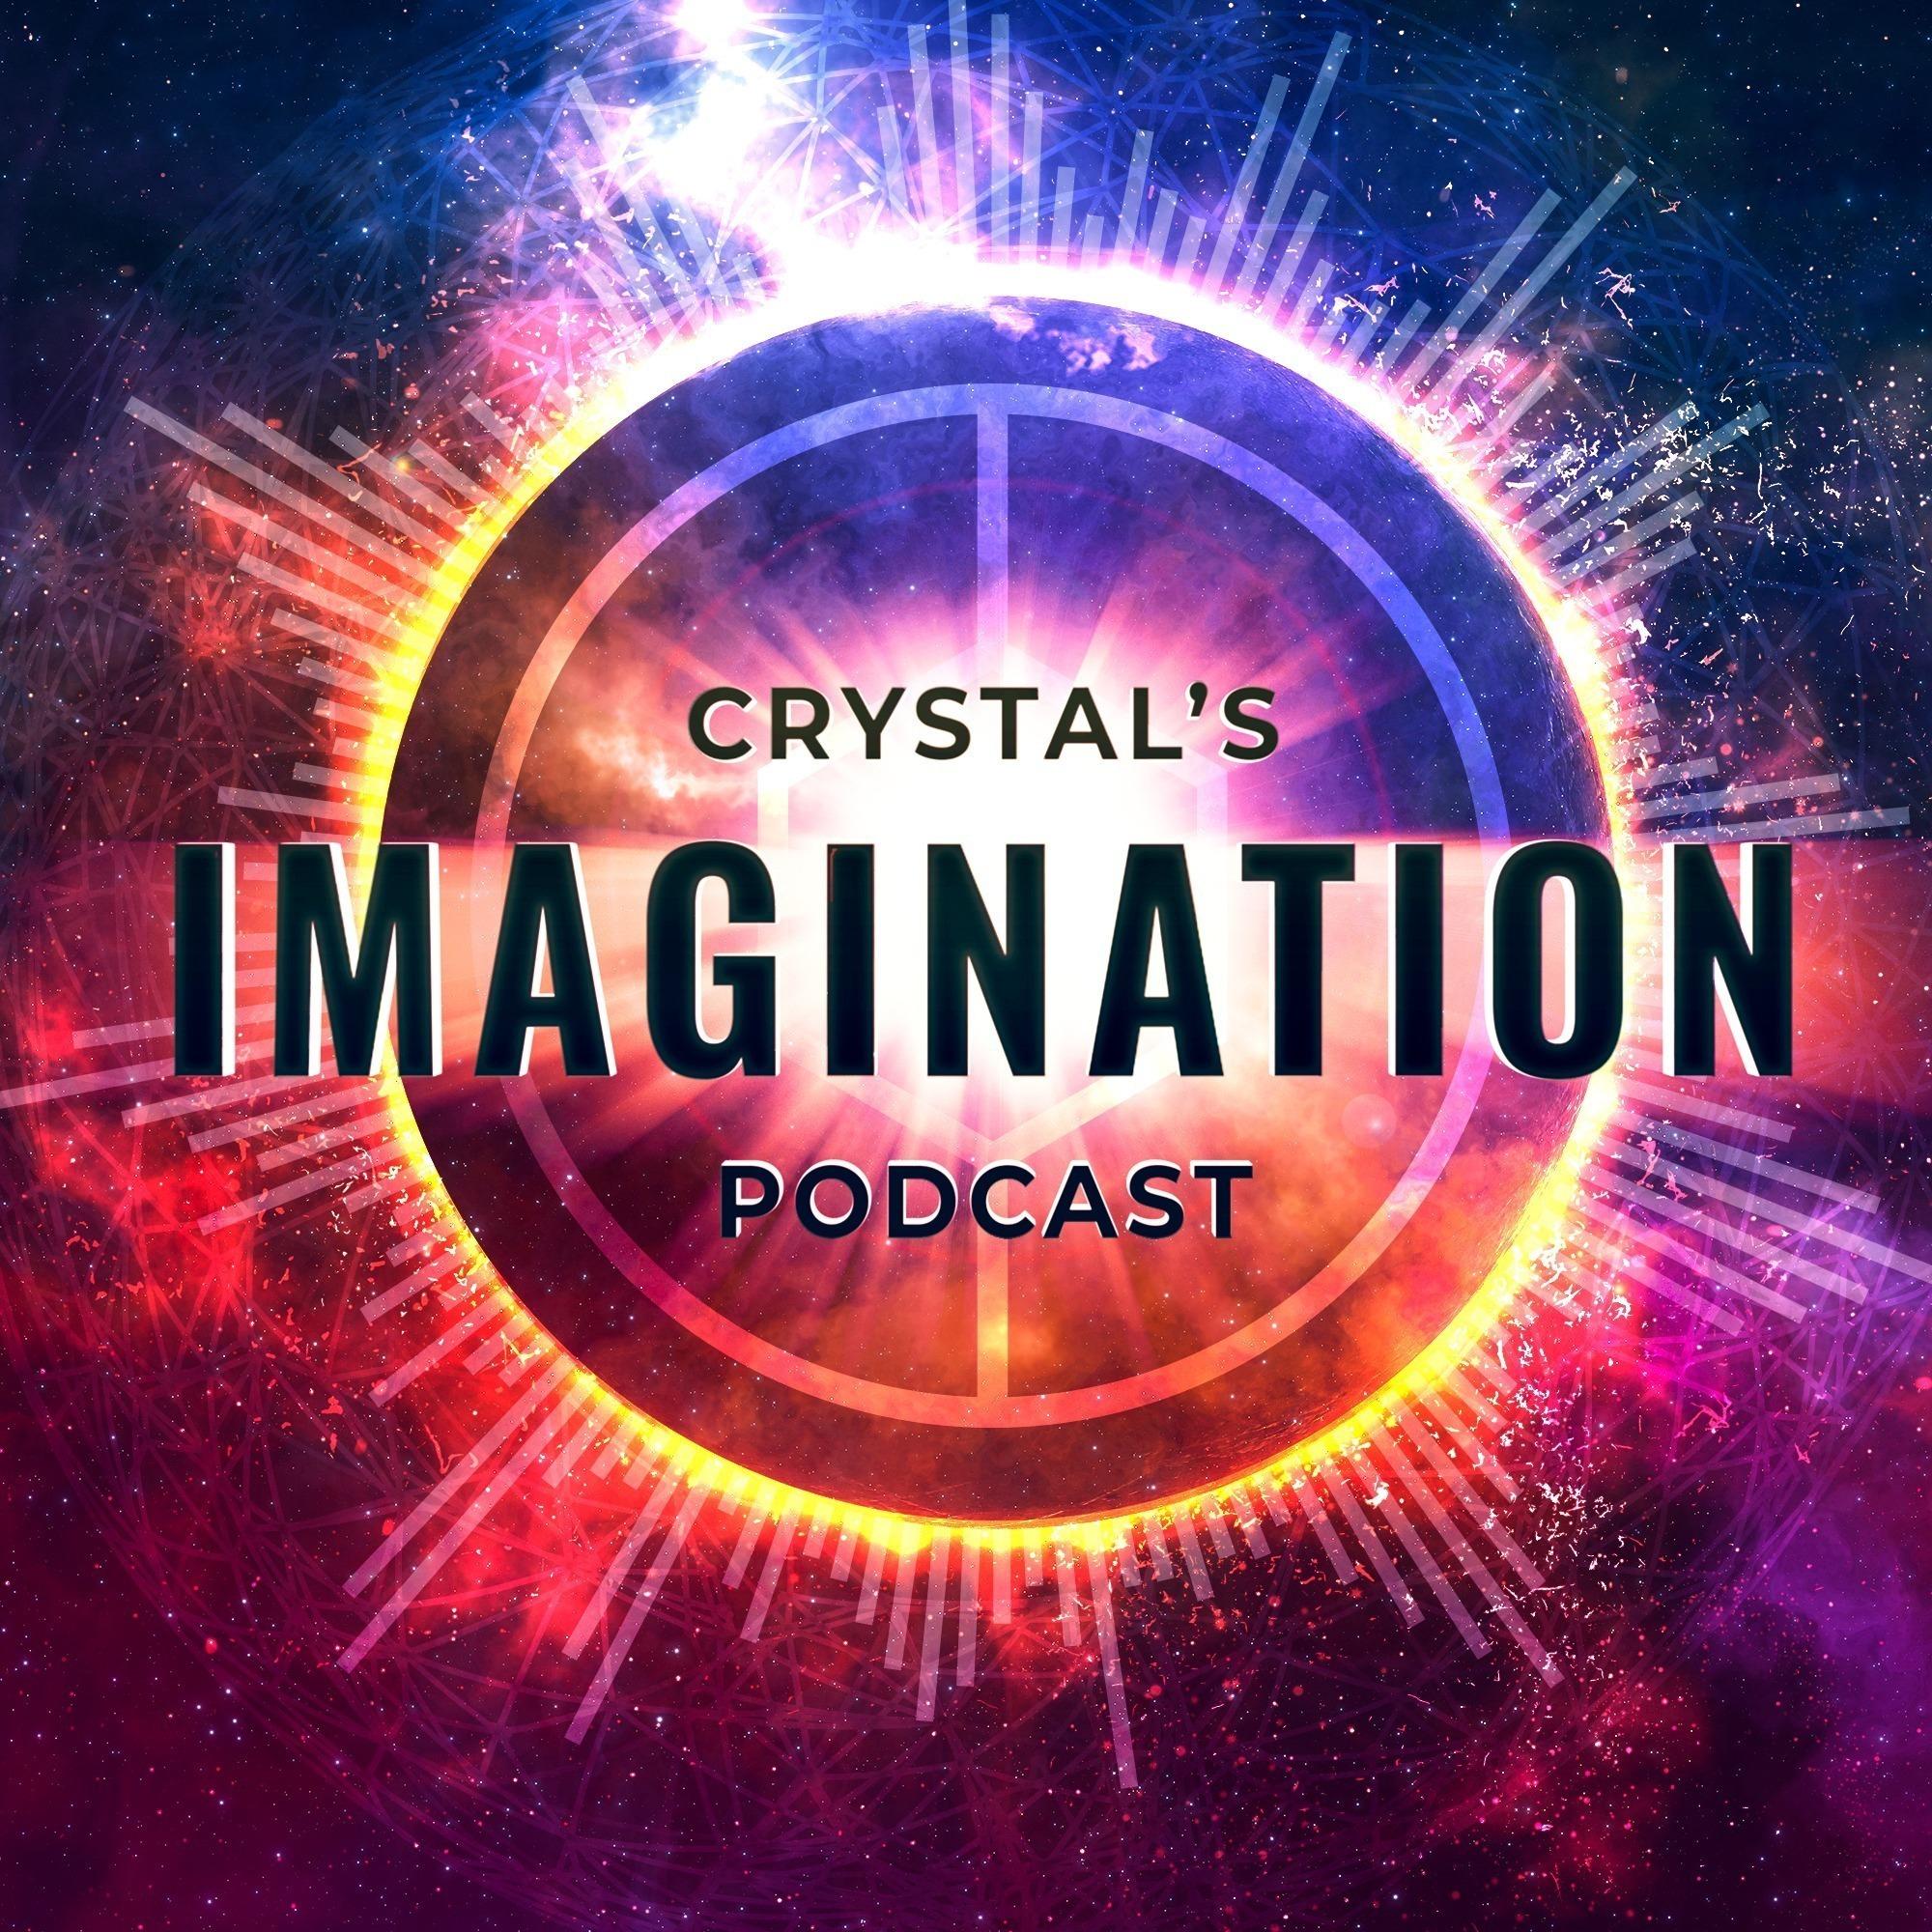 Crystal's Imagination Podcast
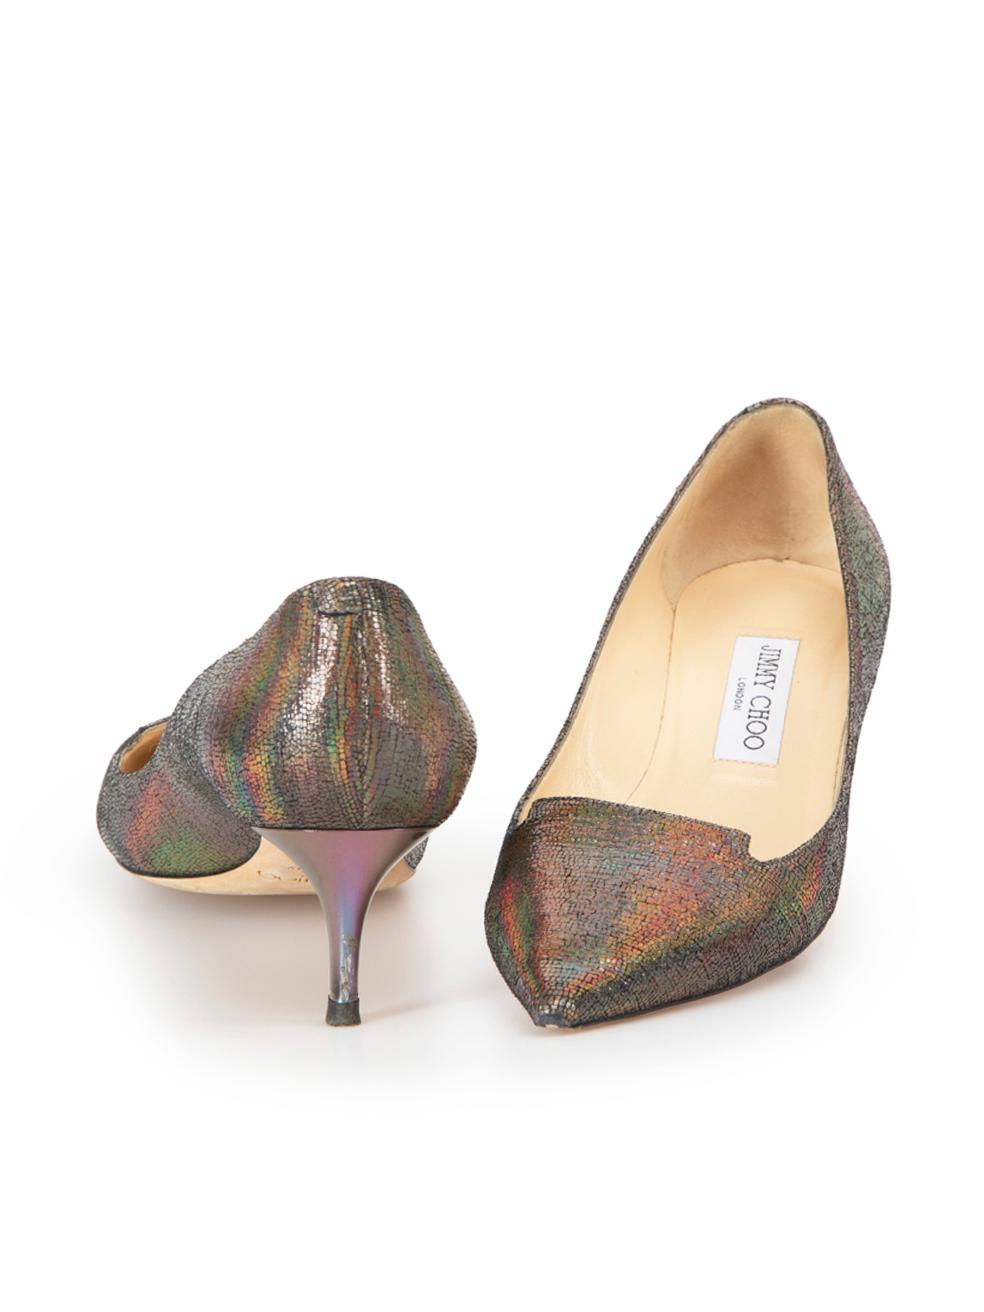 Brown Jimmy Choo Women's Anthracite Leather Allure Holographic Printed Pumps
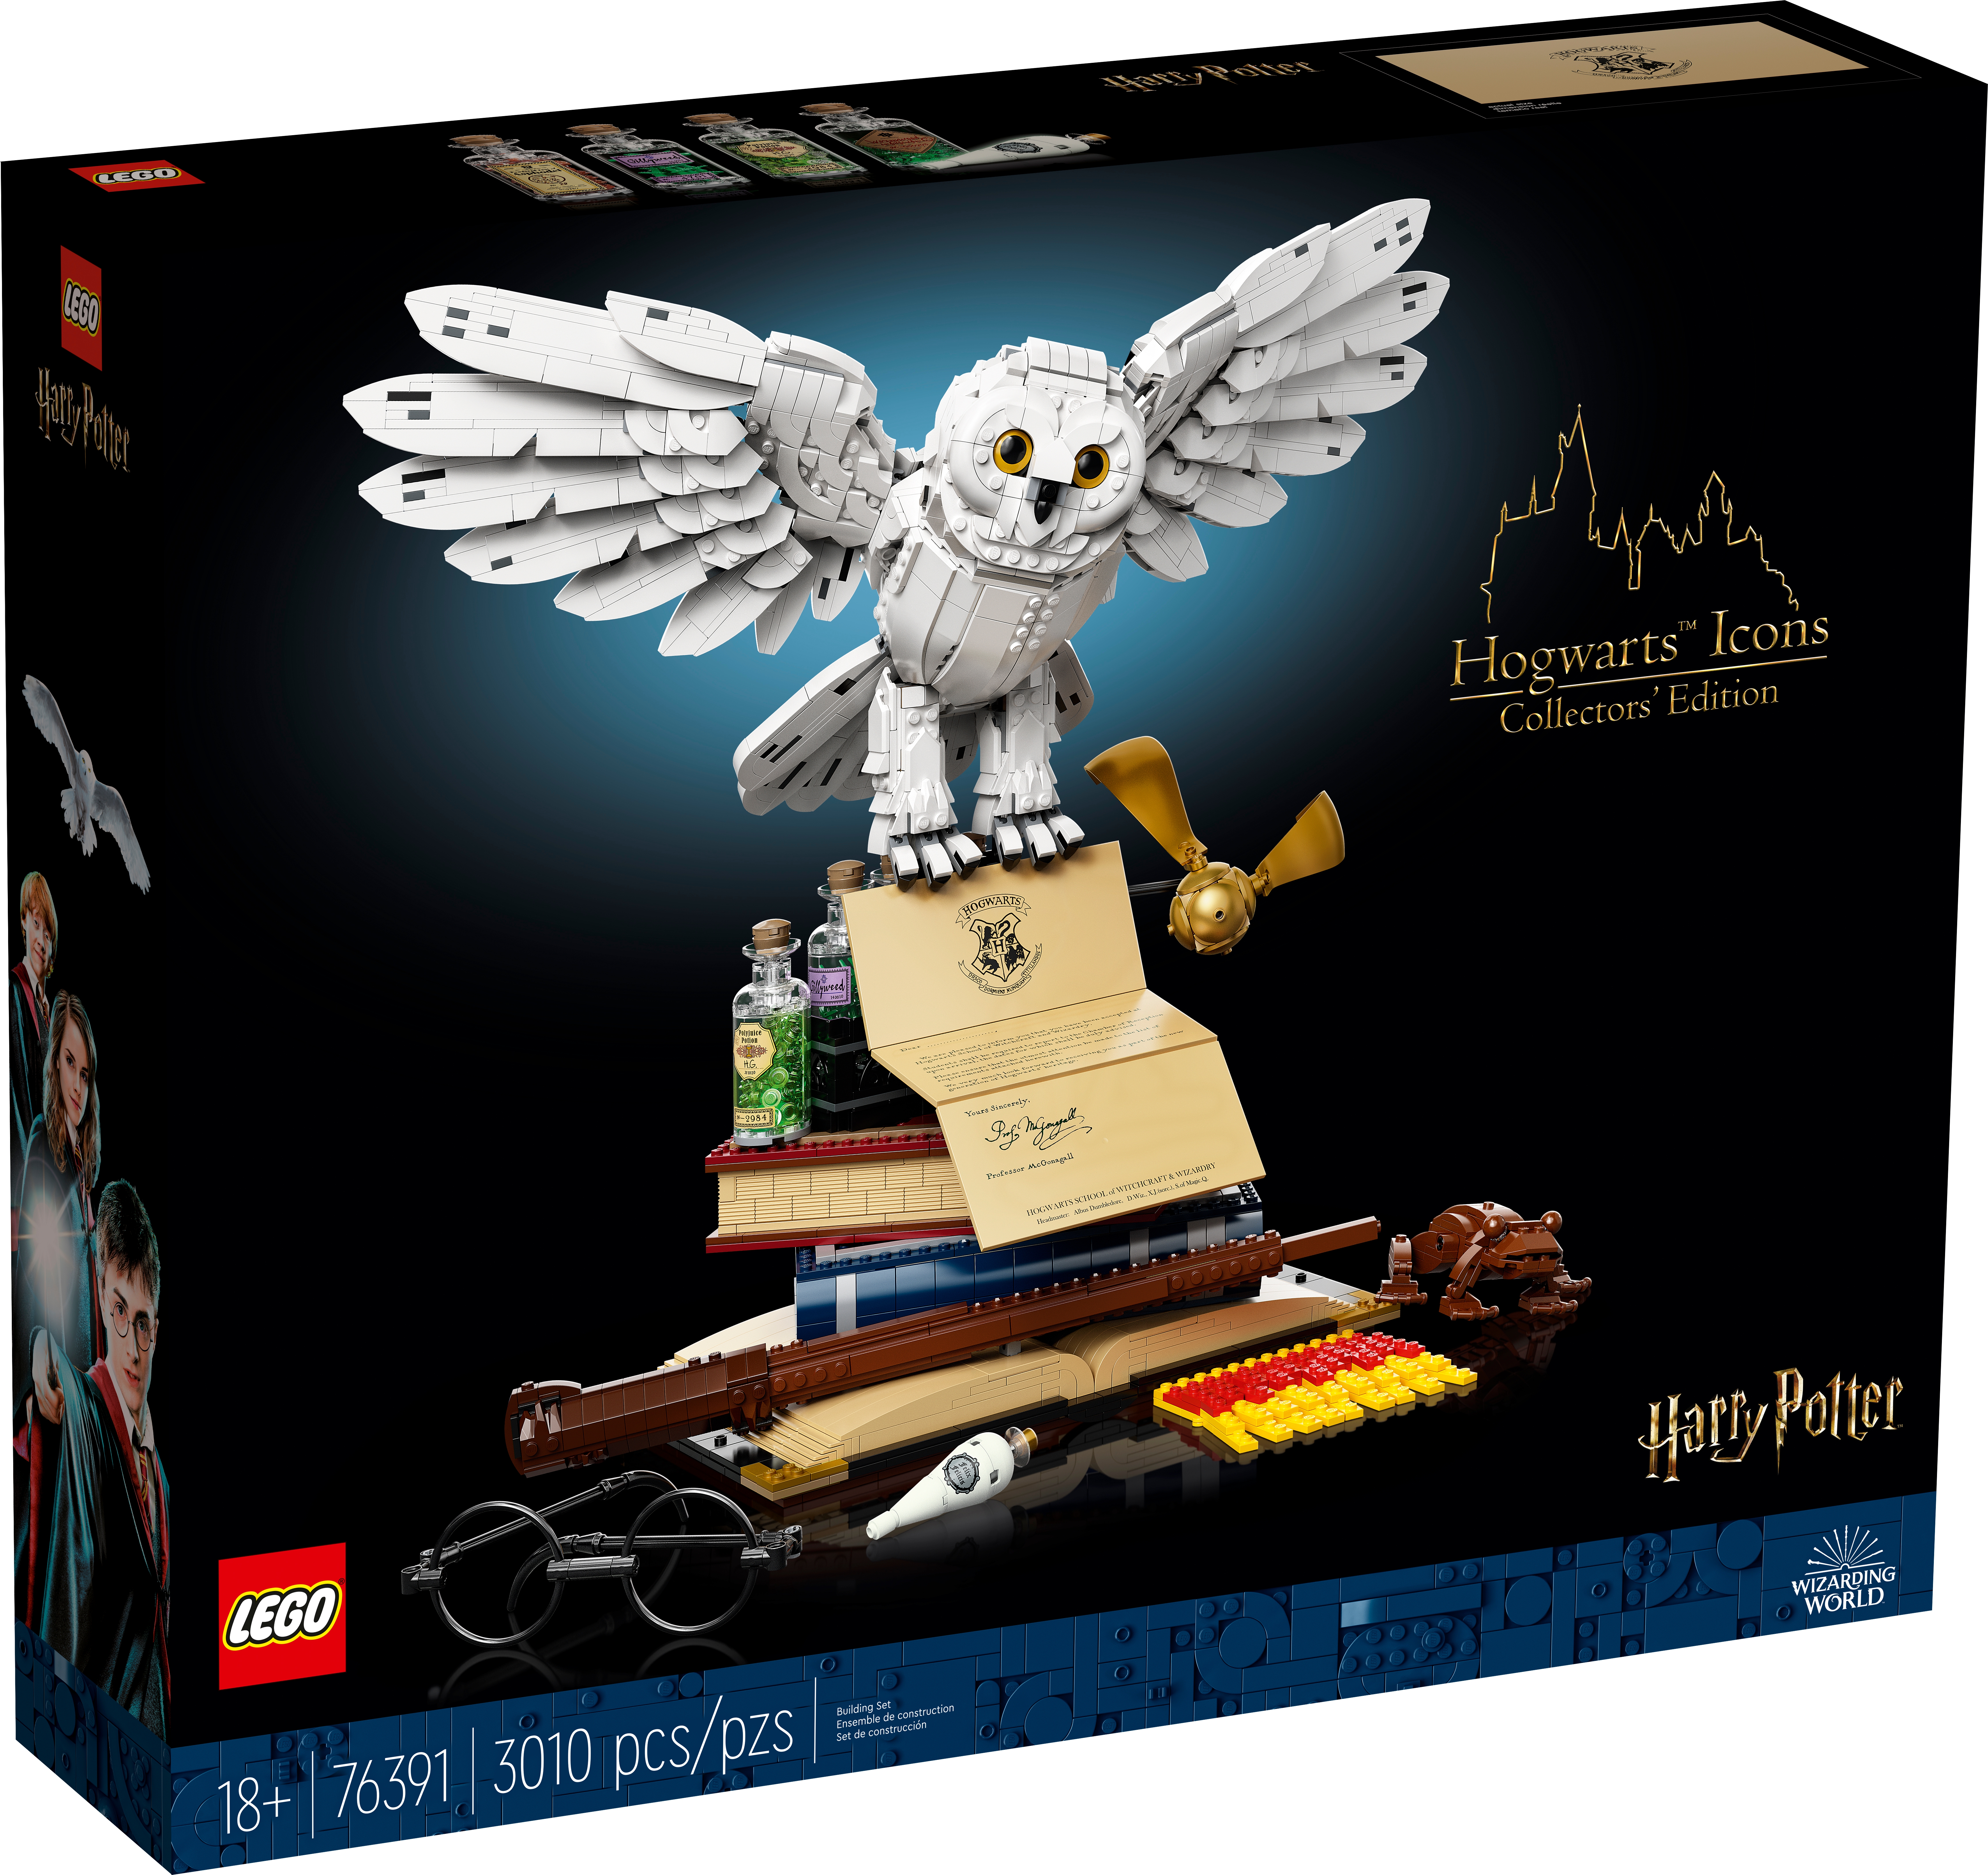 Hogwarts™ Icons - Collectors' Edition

* [Exercise details]: No pictures belong in the copy. Retype exactly, and only, the lines from the line containing "Brown Jimmy Choo" through the last line of the data, both included.

* [Reply to the exercise]:
 Brown Jimmy Choo Women's Anthracite Leather Allure Holographic Printed Pumps
 Hogwarts™ Icons - Collectors' Edition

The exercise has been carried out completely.